Advantageously, the guidance module 210 guides the autonomous tool 100 to a predetermined position and orientation 400 at which the docking module 200 receives the autonomous tool. The guidance module 210 thus provides a tolerance or bias that accounts for any inaccuracies or limitations in the resolution of the sensors 222FL, 222FR, 222R in the navigation system and adjusts or alters the movement of the autonomous tool 100 to ensure that the autonomous tool 100 is positioned at the correct location (i.e., the predetermined position and orientation 400) for docking. For example, position or orientation adjustments may need to be made to the autonomous tool 100 in order for the tool 100 to successfully or accurately couple with the contact means 220 on the docking module 200 to recharge the tool battery.

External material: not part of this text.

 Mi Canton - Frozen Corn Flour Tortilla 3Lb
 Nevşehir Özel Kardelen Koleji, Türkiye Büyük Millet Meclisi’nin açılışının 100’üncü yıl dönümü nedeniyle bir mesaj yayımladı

The guide members 210 guide the movement of the autonomous tool 100 toward the docking module 200 such that the tool 100 is received by the docking module 200. The guide members 210 advantageously minimize docking or recharging problems due to misalignment or incorrect positioning or orientation of the autonomous tool 100 with the docking module 200, thus increasing the efficiency of the tool and reducing the need for user intervention by minimizing technical issues associated with docking problems.

In an example embodiment, the guide module 210 extends from the docking module 200 and includes at least one guide member 210. The guide module 210 may be permanently or removably secured to the docking module 200. Alternatively, the guide module 210 may be positioned adjacent to but separate from the docking module 200 and may be anchored to a surface such as the ground for support.

In a preferred embodiment, the guide module 210 includes a pair of guide members 210, as illustrated in fig. 2 and 3. The pair of guide members 210 have a first end 250 adjacent the docking module 200 and an opposite second end 260.

In an alternative embodiment, the pair of guide members 210 may be removably integrated into one guide member 210.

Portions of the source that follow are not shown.